1. Sunridge's Ownership of the Apartments, Relationship with AMC, and Lack of Involvement in Management

In 2007, Mr. Bob Ctvrtlik1 and his brother Jeff formed Sunridge Partners, LLC to purchase the Sunridge Apartments, an apartment complex in Casper, Wyoming, consisting of ninety-six units. The Ctvrtliks, who reside in Southern California, had seven years of real estate investment experience at the time they purchased the apartments.

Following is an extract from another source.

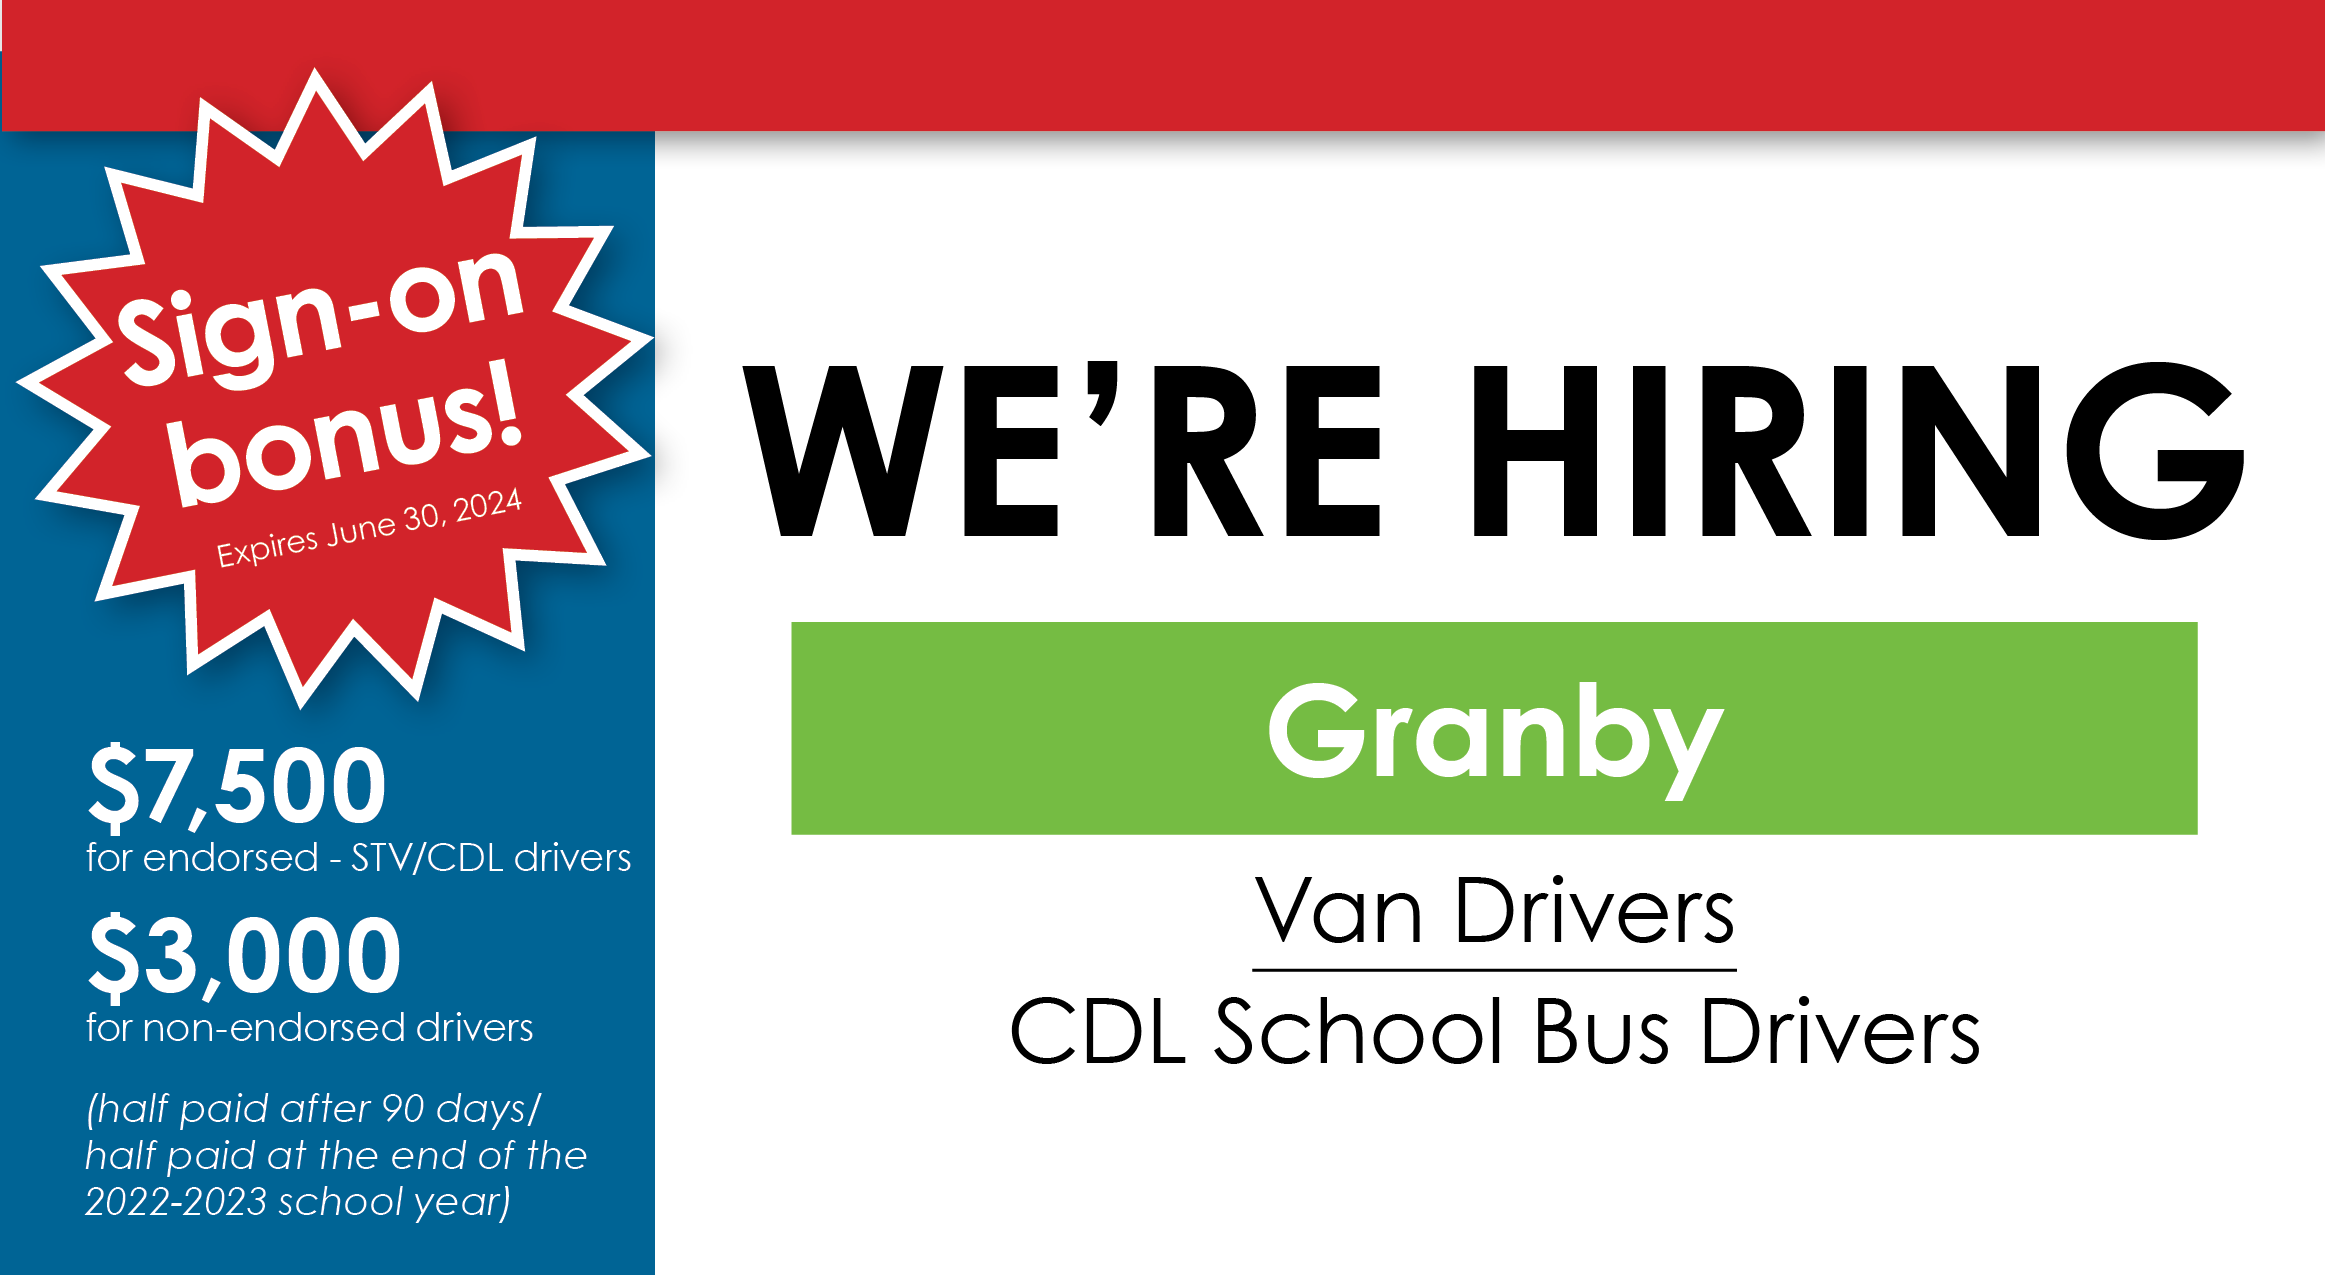 CREC is looking for Van Drivers in Granby and Hartford and CDL School Bus Drivers in Granby. There is a $7500 sign-on bonus for endorsed STV/CDL Drivers, and a $3000 bonus for non-endorsed drivers; half-paid after 90 days, half-paid at the end of the school year.

They considered themselves "passive real estate investors," meaning that they would purchase properties and then hire another company to manage and maintain them.

Before purchasing the Sunridge Apartments, Sunridge obtained a "Property Condition Report" from LandAmerica, which was intended to "observe and document readily visible materials and building system defects which might significantly affect the value of the property, and determine if conditions exist which may have a significant impact on the continued operation of the facility." The report provided a general assessment of the apartment complex, ranking the condition of various components as excellent, good, fair, or poor, including the forced air heating system.

Constructed in 1979, most of the apartments were still heated by the original furnaces when Sunridge purchased the complex in 2007, though some had been replaced. The LandAmerica report identified the heating portion of the complex's broader HVAC system as "forced air gas fired furnaces" and ranked the complex's HVAC system as "fair," meaning that although it was in average or satisfactory condition, "some short term and/or immediate attention is required or recommended, primarily due to the normal aging and wear of the building system, to return the system to a good condition." Although the report did not identify replacing the furnaces as an immediate concern, it recommended the property owner set aside a capital reserve of $153,600 to replace the furnaces on a rolling basis over the course of the next five years.

Sunridge hired AMC as property manager to run the day-to-day operations of the apartments based on Sunridge's previous favorable experience using AMC to manage other properties. The management agreement between Sunridge and AMC required AMC to seek prior written approval from Sunridge before making any purchase over $1,000, except in the case of an emergency. The agreement further provided that if AMC made an emergency expenditure, it must report that purchase to Sunridge within twenty-four hours. AMC was also required to provide a monthly accounting to Sunridge detailing by category the apartment complex's monthly income and expenses. AMC received a fee of 3.4% of the complex's monthly gross income as compensation for its services. The fee was not affected by expenses.